BEGIN PROVIDED MATERIAL

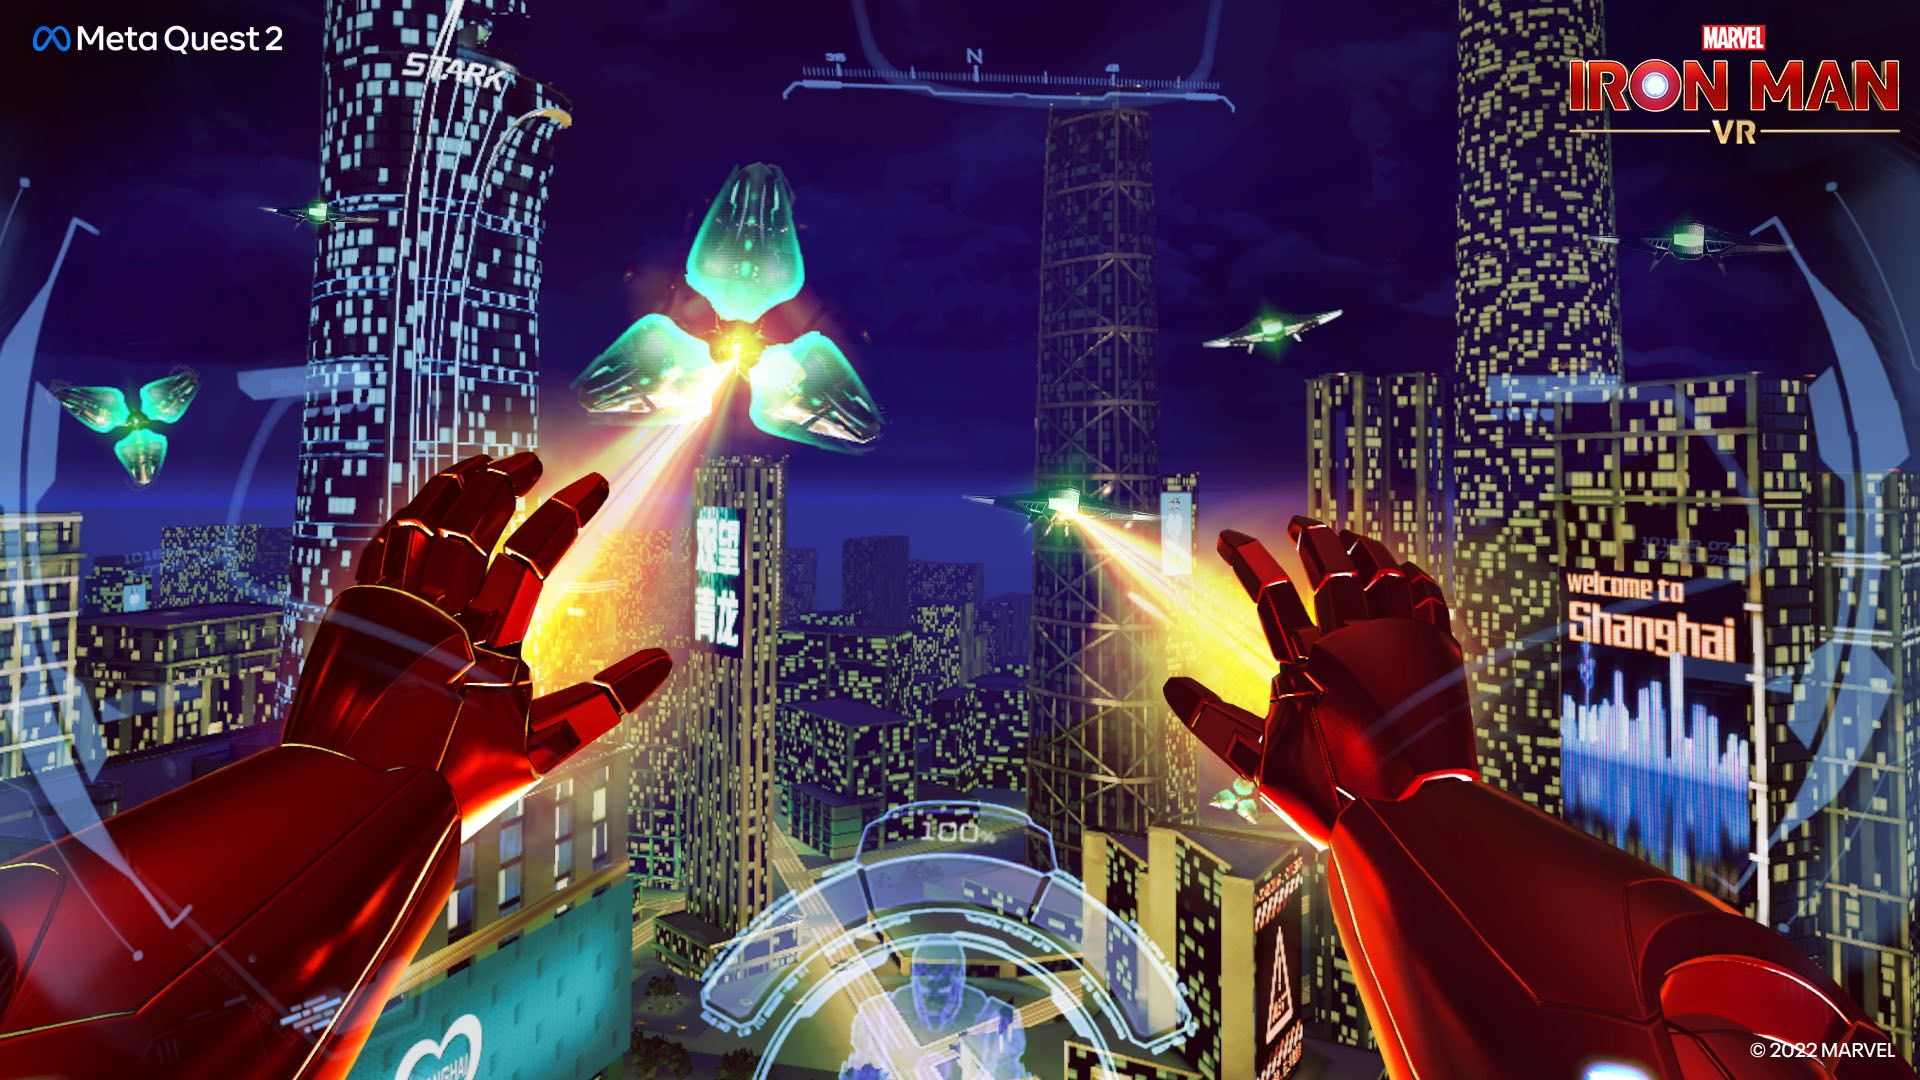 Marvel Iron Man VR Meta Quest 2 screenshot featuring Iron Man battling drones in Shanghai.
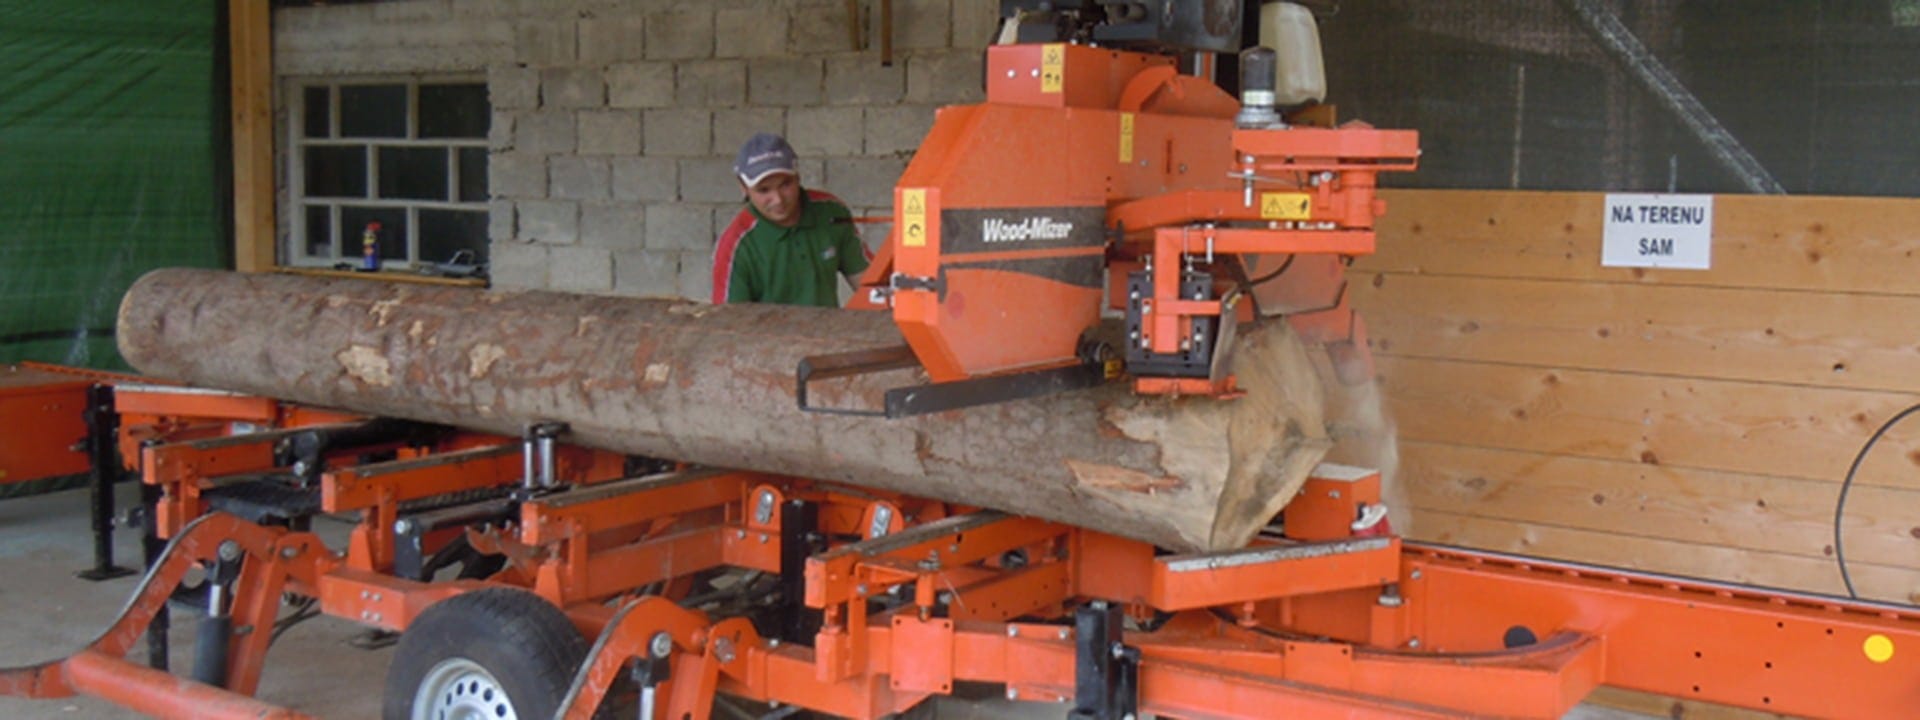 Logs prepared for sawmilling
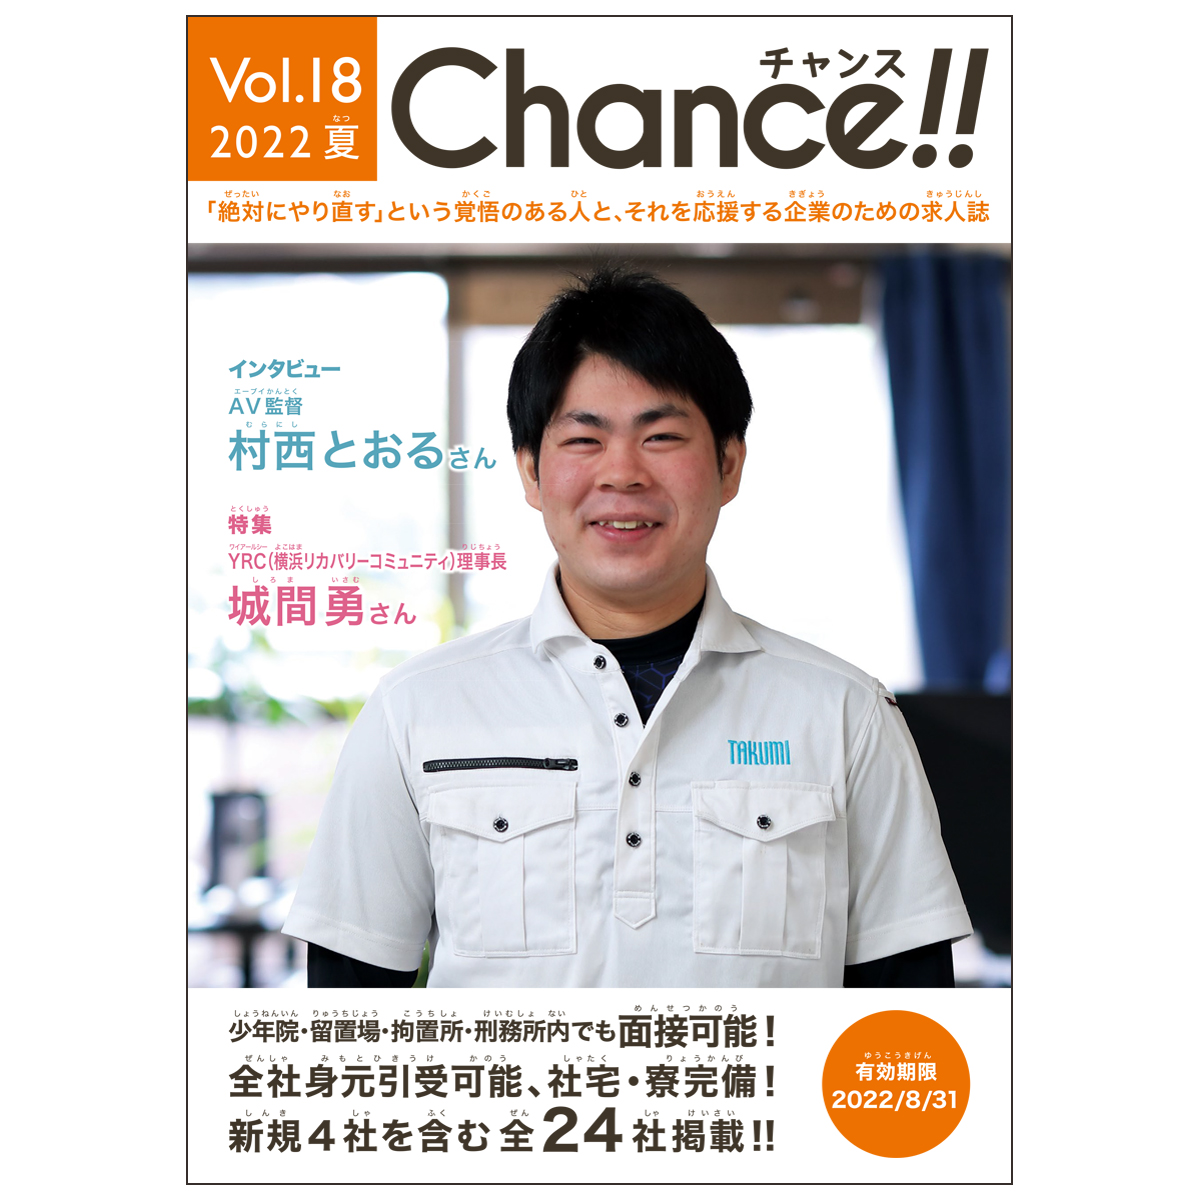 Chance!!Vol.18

END PROVIDED MATERIAL

→ PROBLEM TO SOLVE: Would you reproduce each line of the material exactly, omitting the images?

→ ANSWER SPACE:
 Marvel Iron Man VR Meta Quest 2 screenshot featuring Iron Man battling drones in Shanghai.
 Logs prepared for sawmilling
 Chance!!Vol.18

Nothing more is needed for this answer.